Cheryl Lazarus Divorce Coach
www.easiertransitions.com
For many, a business is the life insurance and retirement savings plan and it should be protected similarly with the next generation in mind. Divorce is one of life's risks, it needs to be acknowledged as a possibility. I do understand Laurie Israel's point about planning resulting in divorce, because it might generate an atmosphere of bad faith between the partners. As an optimist, I would argue that the majority of couples welcome proper planning, because they are thinking about the protection of assets for their children first.

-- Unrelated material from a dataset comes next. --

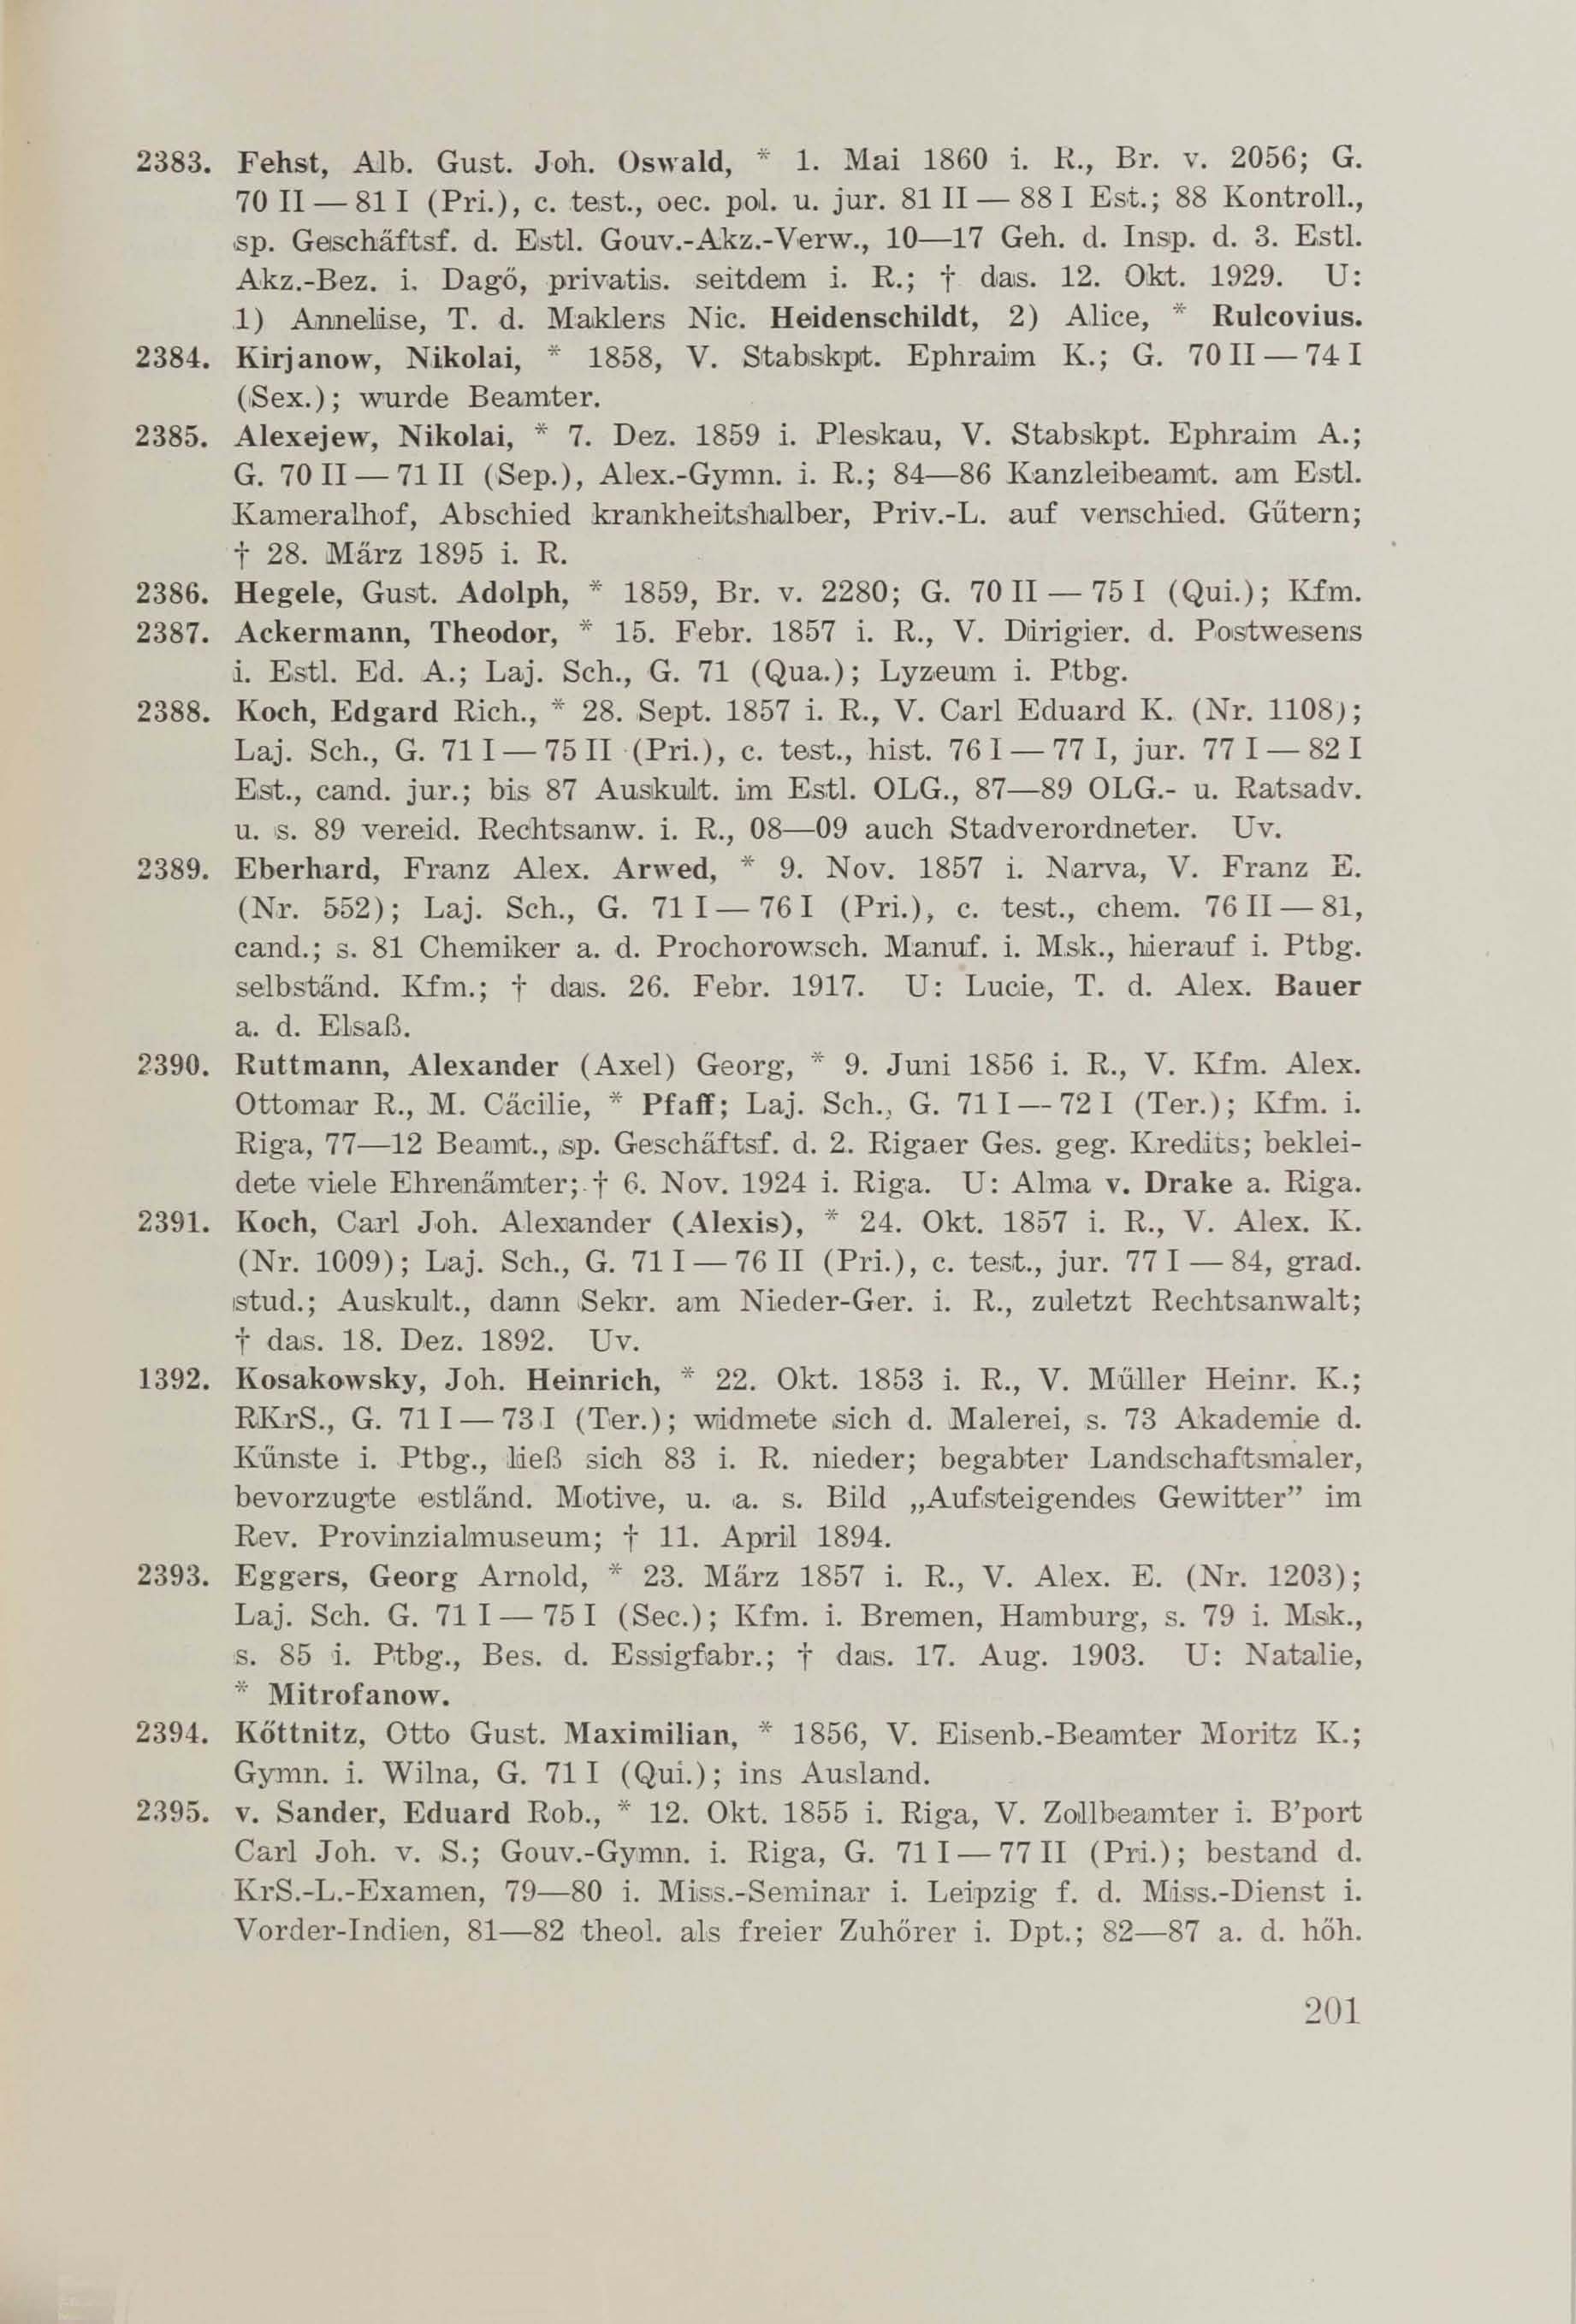 Schüler-Verzeichnis des Revalschen Gouvernements-Gymnasiums 1805–1890 (1931) | 211. (201) Haupttext
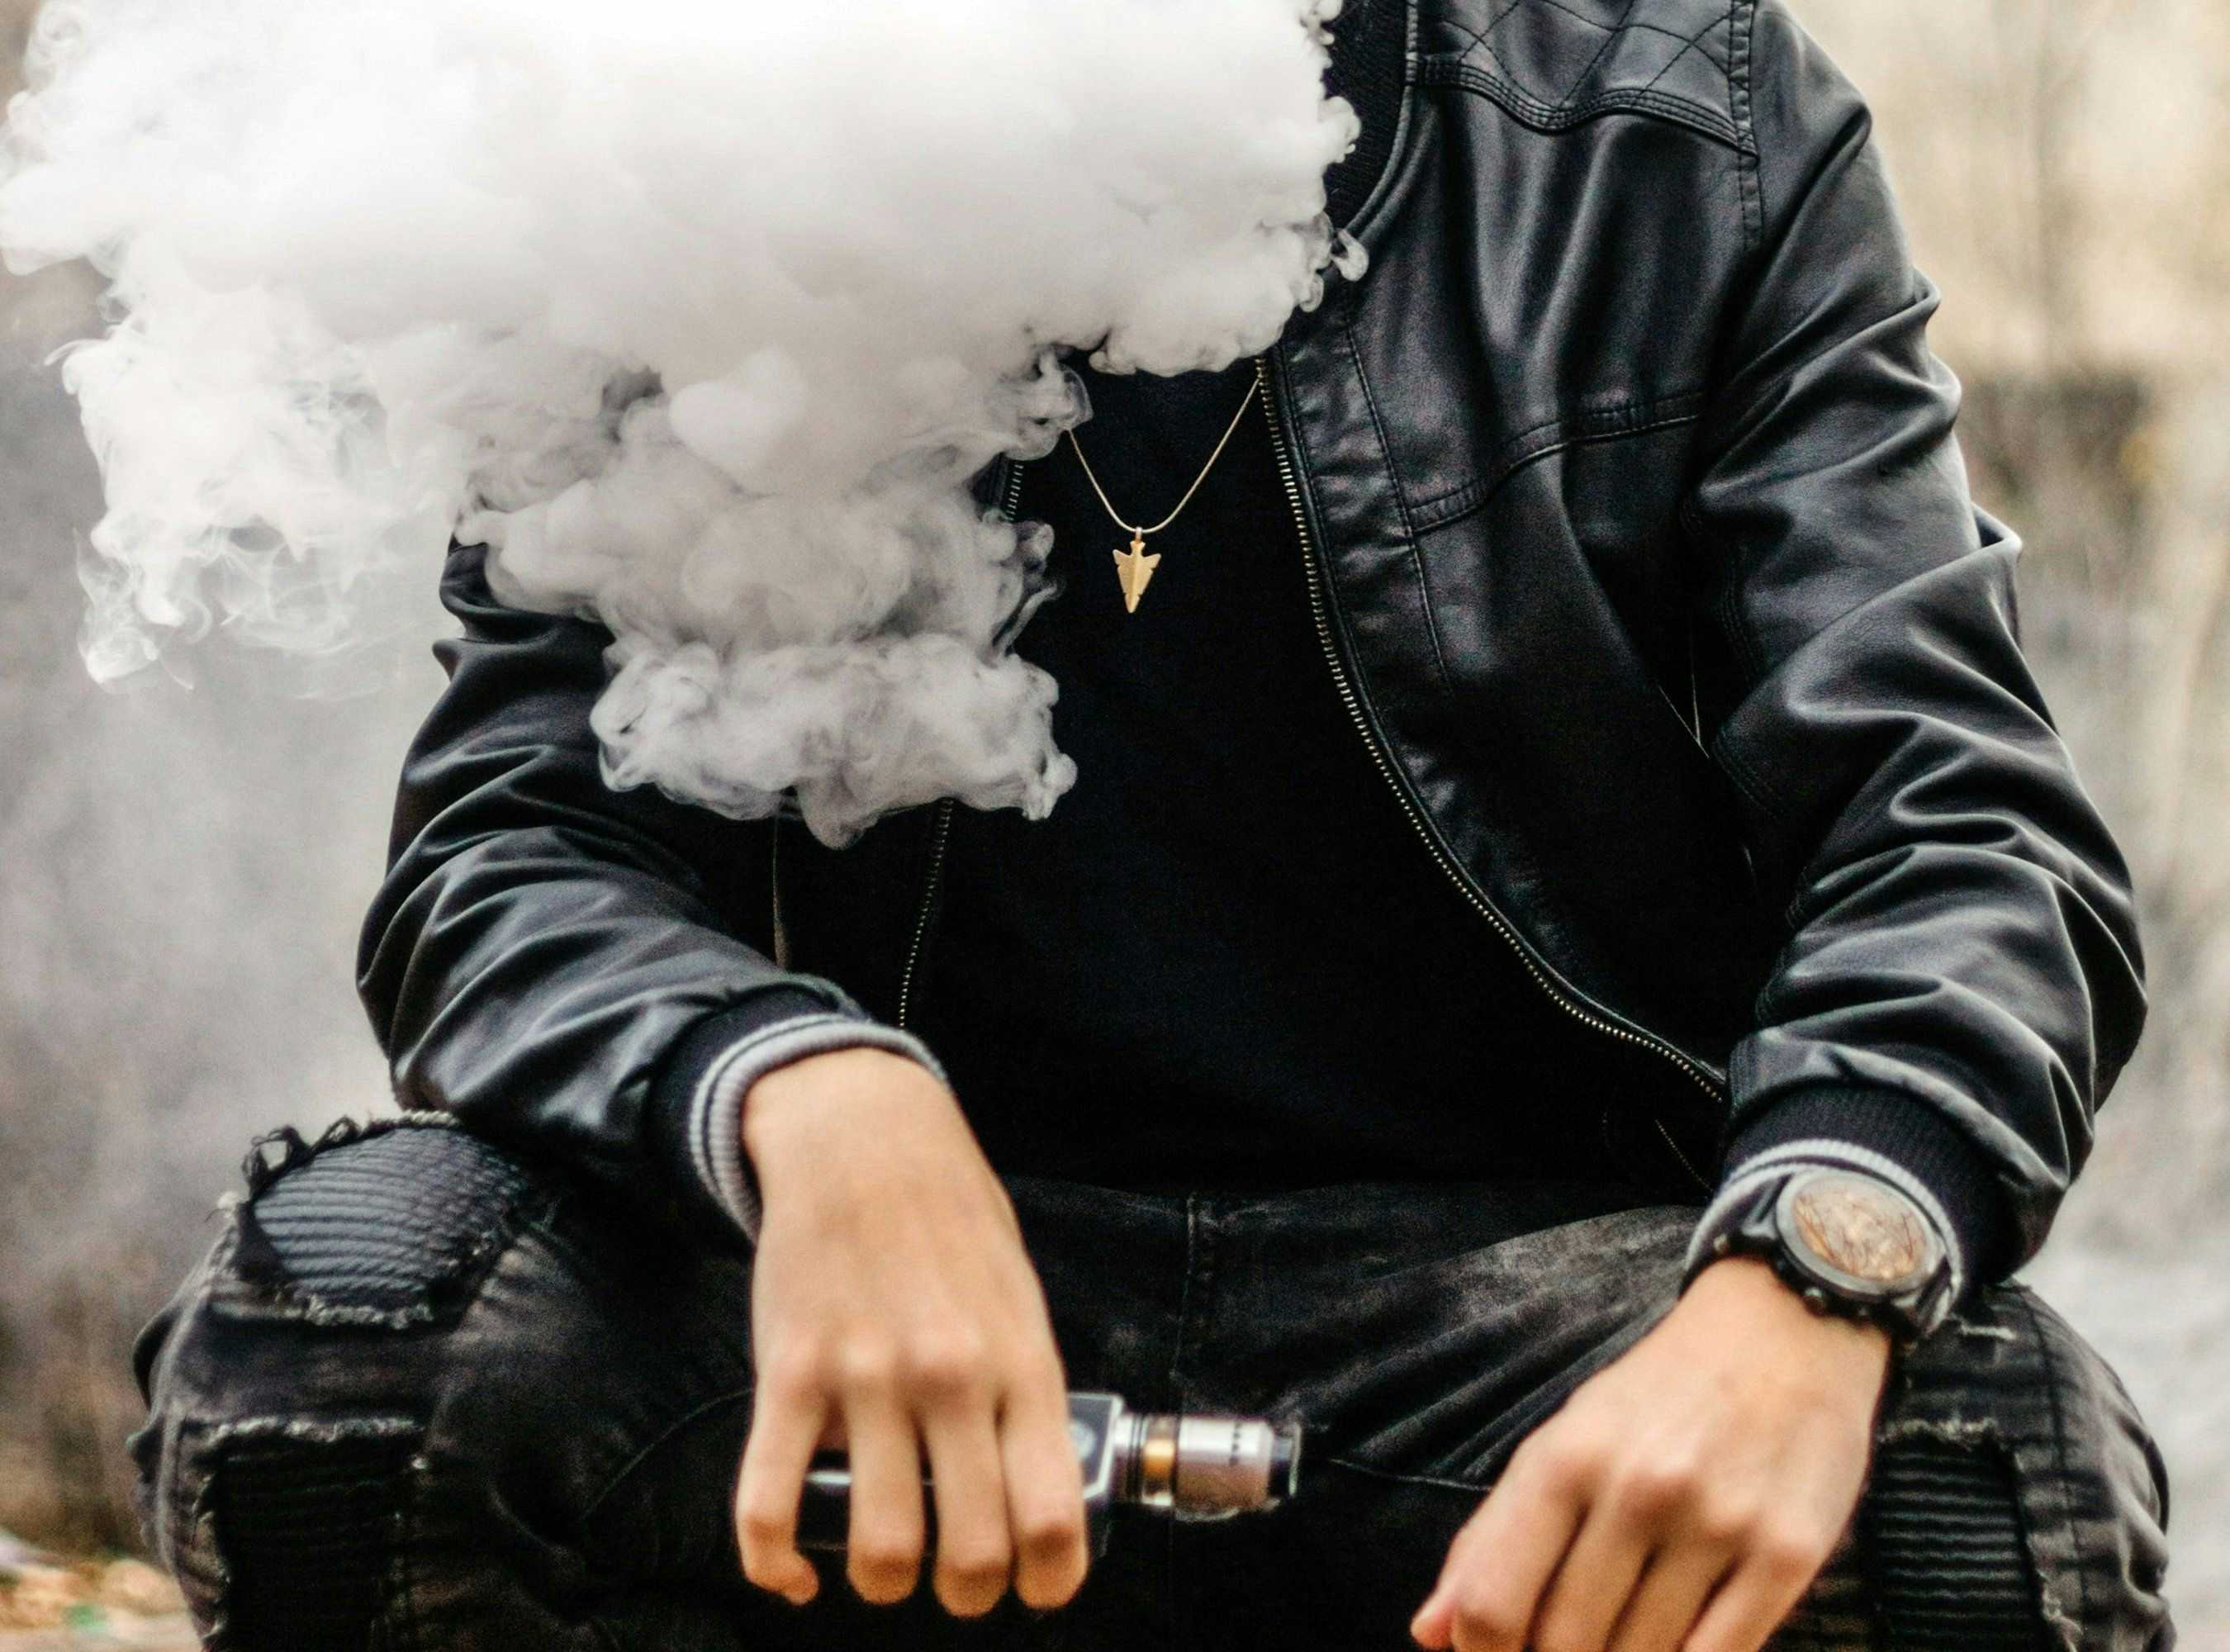 JUUL’s E-Cigarettes Face Litigation Over Safety Concerns

I suppose the ball gets dropped in a number of cases because there is no 'team' to advise, but rather individual relationships. A pro-active, collaborative approach where attorney, financial advisor, CPA and others are involved at least at the level of awareness and recommendation seems to make much more sense.
With new collaborative software products available, the concerns of privacy etc. are far less than they used to be. It seems to me that inviting multiple disciplines to comment on the plans would also result in a far better solution than before. Spllt Partners addresses this issue by offering comprehensive referral network to professionals who commit to working with our clients in a collaborative manner, using our Internet collaboration tools.
If you read the rest of my series (Parts 1, 2 and 3), I repeatedly state, that all divorce-proofing of your business and/or other assets should ideally be done while you are still single. That is just smart planning and in no way engenders a future divorce.